▶ [Records from a data collection]:

____________________

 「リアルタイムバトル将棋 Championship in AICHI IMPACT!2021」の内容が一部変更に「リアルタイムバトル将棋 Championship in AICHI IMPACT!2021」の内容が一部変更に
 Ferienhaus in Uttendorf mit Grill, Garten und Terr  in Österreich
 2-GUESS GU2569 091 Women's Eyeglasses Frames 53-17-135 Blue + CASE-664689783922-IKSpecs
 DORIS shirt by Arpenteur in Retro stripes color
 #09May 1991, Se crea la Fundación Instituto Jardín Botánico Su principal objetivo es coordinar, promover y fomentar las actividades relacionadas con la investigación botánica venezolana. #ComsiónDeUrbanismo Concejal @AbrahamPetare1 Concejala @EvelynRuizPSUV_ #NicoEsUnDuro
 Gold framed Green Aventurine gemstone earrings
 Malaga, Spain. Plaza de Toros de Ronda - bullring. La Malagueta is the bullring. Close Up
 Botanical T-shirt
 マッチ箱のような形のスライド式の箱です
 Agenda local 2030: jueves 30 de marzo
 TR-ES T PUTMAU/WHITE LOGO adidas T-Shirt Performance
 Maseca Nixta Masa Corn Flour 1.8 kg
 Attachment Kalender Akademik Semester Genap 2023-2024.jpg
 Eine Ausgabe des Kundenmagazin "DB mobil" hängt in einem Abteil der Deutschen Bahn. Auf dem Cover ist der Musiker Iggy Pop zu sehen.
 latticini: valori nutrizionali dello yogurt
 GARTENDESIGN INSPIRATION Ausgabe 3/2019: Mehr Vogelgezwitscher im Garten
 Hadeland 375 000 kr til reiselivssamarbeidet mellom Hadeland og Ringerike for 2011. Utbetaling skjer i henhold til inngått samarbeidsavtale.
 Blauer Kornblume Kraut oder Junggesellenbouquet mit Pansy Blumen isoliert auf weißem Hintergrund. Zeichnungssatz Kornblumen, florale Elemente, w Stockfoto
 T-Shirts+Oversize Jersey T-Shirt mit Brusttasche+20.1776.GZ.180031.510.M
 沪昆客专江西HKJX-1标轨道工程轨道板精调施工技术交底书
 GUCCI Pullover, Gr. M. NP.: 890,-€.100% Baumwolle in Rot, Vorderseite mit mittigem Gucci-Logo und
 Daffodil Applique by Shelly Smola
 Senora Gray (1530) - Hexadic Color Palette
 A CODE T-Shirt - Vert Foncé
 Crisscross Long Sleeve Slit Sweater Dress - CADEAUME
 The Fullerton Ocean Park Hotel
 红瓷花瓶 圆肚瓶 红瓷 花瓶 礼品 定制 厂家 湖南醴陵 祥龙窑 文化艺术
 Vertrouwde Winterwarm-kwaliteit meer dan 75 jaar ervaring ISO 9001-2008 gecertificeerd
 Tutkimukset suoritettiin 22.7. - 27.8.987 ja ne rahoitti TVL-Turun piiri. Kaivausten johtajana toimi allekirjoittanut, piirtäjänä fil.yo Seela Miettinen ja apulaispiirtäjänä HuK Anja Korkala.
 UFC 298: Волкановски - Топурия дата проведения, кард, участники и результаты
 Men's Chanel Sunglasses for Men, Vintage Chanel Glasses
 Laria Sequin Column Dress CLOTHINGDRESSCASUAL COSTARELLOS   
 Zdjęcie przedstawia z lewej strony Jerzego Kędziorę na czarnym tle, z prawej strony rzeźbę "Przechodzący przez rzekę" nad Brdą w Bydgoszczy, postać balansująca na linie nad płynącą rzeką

____________________

▶ [Exercise objective]:
Note each line above that holds "Garten", then copy all of them.

▶ [Result]:
 Ferienhaus in Uttendorf mit Grill, Garten und Terr  in Österreich
 GARTENDESIGN INSPIRATION Ausgabe 3/2019: Mehr Vogelgezwitscher im Garten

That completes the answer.